Solution: “Micro Community Blogs” that provide meaningful, quality information to people on a neighborhood level.  I have found this to be a simple and effective marketing strategy that gives me permission from individuals in the community to communicate directly.

Information is the drug of choice in our modern civilization.  In an effort to satisfy their desire for information, modern humans Google everything and everyone.  If information is King, then Google is surely Emperor.

65% of all inquiries on the Internet begin with Google.

Lets put that in perspective. According to marketing research company comScore, in the United States alone, some 14.3 billion Internet searches were conducted in May 2009.  comScore estimates there were 9.3 billion searches on Google for that month, representing an astounding 299.83 million Google searches per day!

Micro Community Blogging involves an Internet strategy that provides valuable information to individuals in their cocoon like sanctuaries.  Reaching out to people, community by community, will prove to be the successful approach for enterprising marketers.

Here are the basic rules of engagement.

1.  The information we share with the community must be in the first person.

2.  This information must be relevant and topical on a neighborhood level.

3.  Never sell anything in the Micro Community Blog.

Blogging is the preferred means of communicating in a village-like environment.  Blogging has replaced the chatter we used to share with our neighbors and it has become a replacement for the party-line telephone that served as the internet in our parents ancient analog world.
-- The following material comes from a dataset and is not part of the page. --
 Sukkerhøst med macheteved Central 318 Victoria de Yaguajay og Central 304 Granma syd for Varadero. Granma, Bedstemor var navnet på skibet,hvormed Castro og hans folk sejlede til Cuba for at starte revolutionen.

You Googlin’ me?  Hope so, because I already Googled you.

  • Roger Ewing

Posted by Roger Ewing on November 9th, 2009

  1. Alan Lefkowitz

    I attended our city council meeting last night (March 24th) along with approximately twenty five other Westlake Village homeowners to voice our solidarity against awarding a conditional use permit for T-Mobile to erect a 40 foot cellphone tower on the ridge line next to the Las Virgenes Water District building above the homes and Three Springs Park. Our city council conducted a professional meeting asking excellent questions and allowing the residents to be heard as they make this important decision.
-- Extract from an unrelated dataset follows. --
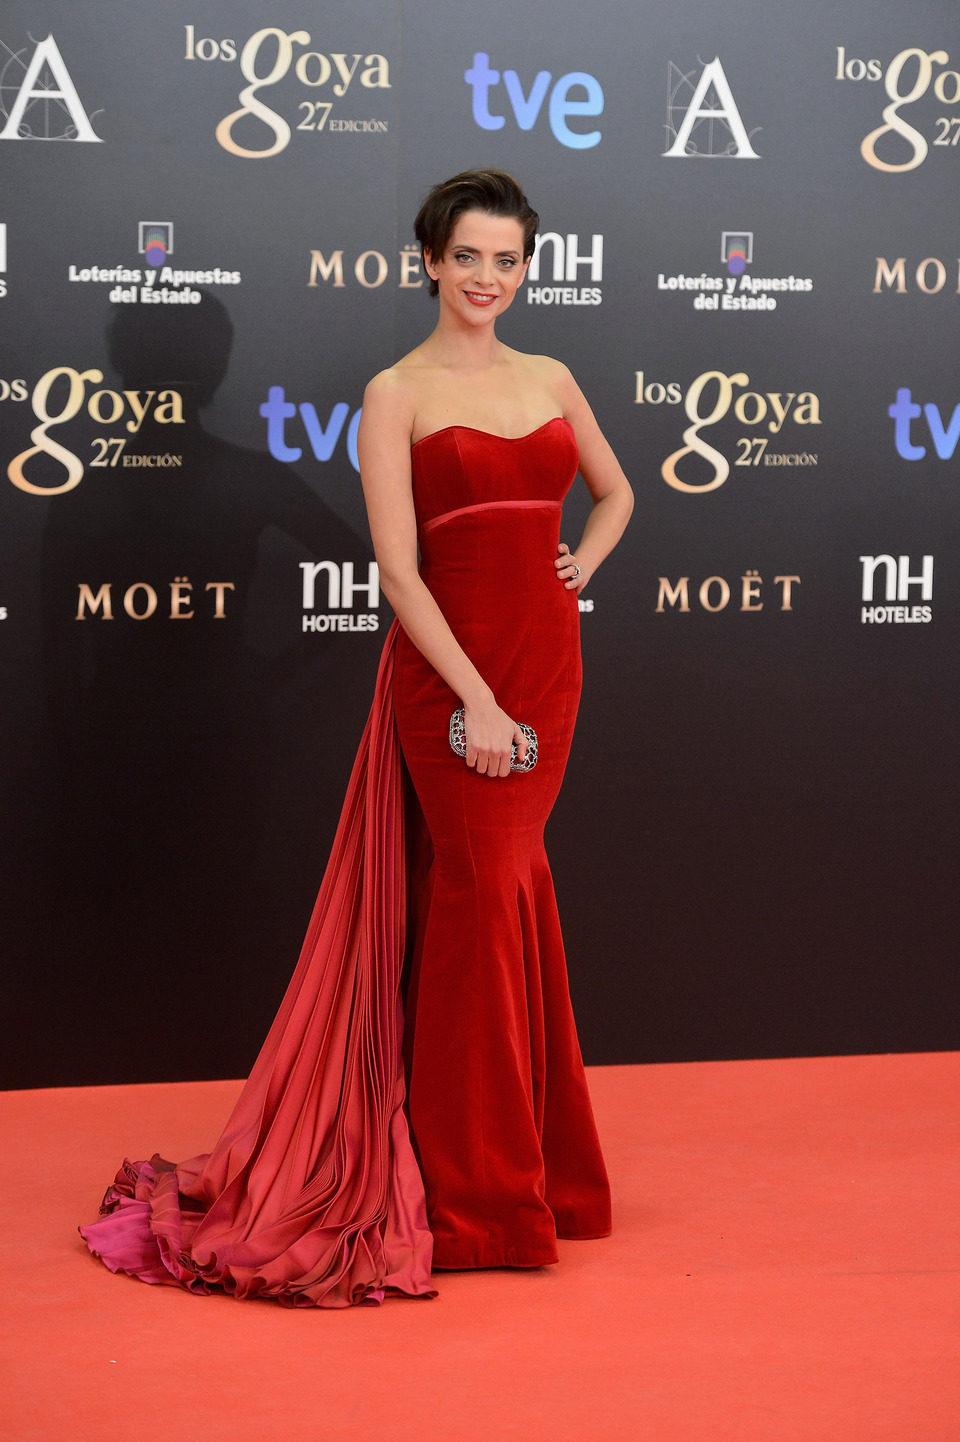 Macarena Gómez en los Premios Goya 2013

    I encourage everyone in Three Springs to watch the video of the council meeting that is on the City of Westlake website at http://www.wlv.org

    This specific agenda item starts at approximately 1 hour, 23 minutes from the beginning of the council meeting. The awarding of that permit was put on a conditional hold until the council’s April 28th meeting because of both unanswered questions on this project and the lack of communications from our HOA (Homeowners Association) to both the city council and the residents of Three Springs.
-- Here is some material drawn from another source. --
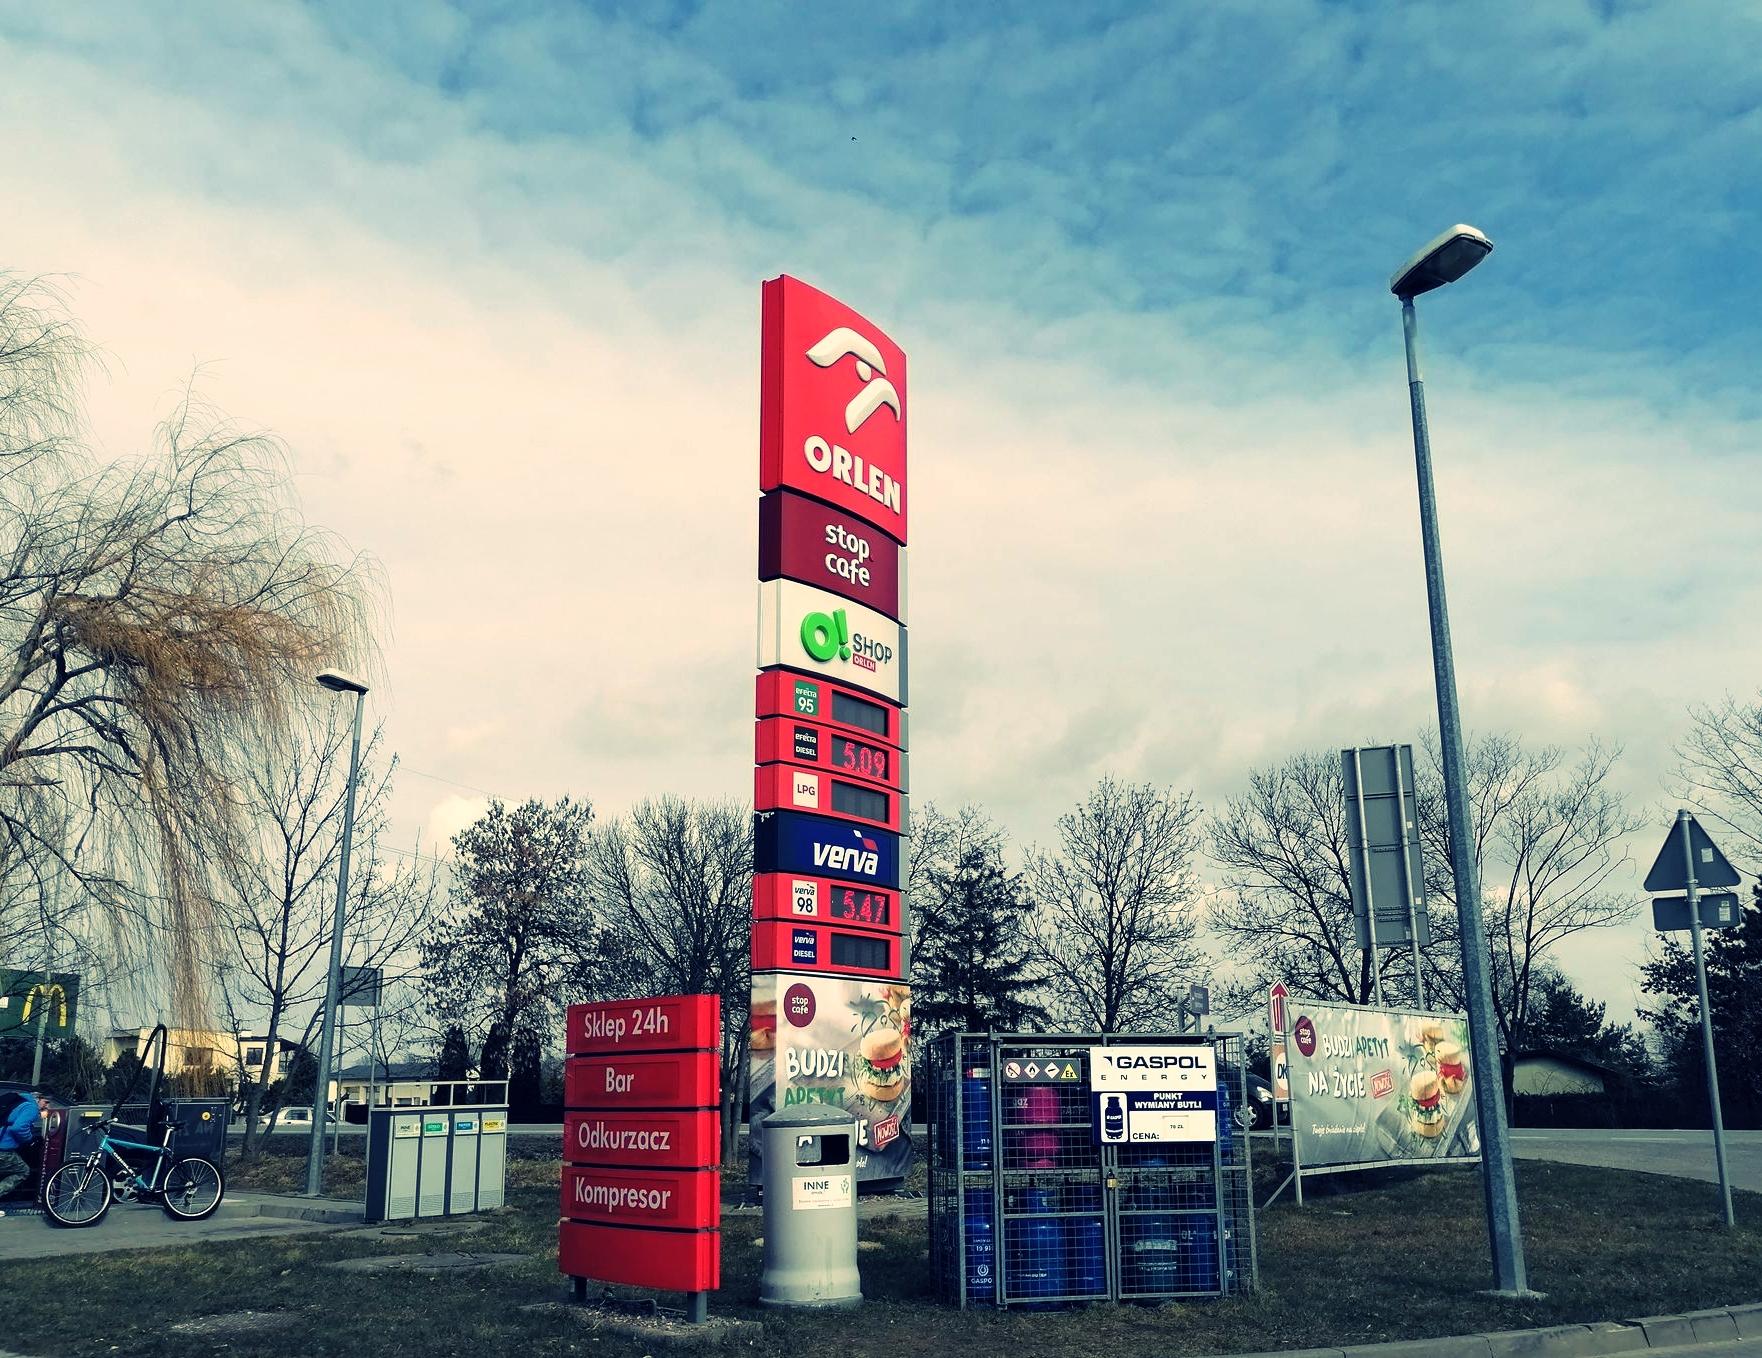 Takich cen paliw nie było od dawna. Zobacz, ile kosztuje benzyna na kutnowskich stacjach - Zdjęcie główne

    I strongly recommend that you view the comments made by our city council (starting at approximately 3 hours, 11 minutes from the beginning of the meeting) that details a history of a “no response” pattern from our HOA to the city council on various subjects (i.e. cell tower, traffic). It is most disturbing that our homeowners association has left most of the residents of Three Springs in the dark with regards to notifying us of the potential issues (aesthetics and height issues as well as the reduction in property values) that the construction of a 40 foot cell phone tower could have in our beautiful neighborhood. We must insist that our Homeowners Association schedule a meeting with us as soon as possible (not at 7:00 am but rather in the evening so most of us can attend) to discuss this very important issue and that that our HOA board members attend the April 28th city council meeting. I am most interested in knowing:

    1. When did our HOA know about this conditional permit for T-Mobile?
    2. Why did our HOA not notify or disseminate this information to all the residents in the Three Spring neighborhood?
    3. Why did our HOA not respond to our city council?
    4. Why (as so well stated on the above link by one of our council members) was there an “empty chair here” with not one Three Springs board member attending last night’s council meeting?

    Whatever your opinion, this is a “call to action” to all Three Spring neighborhood residents to get involved!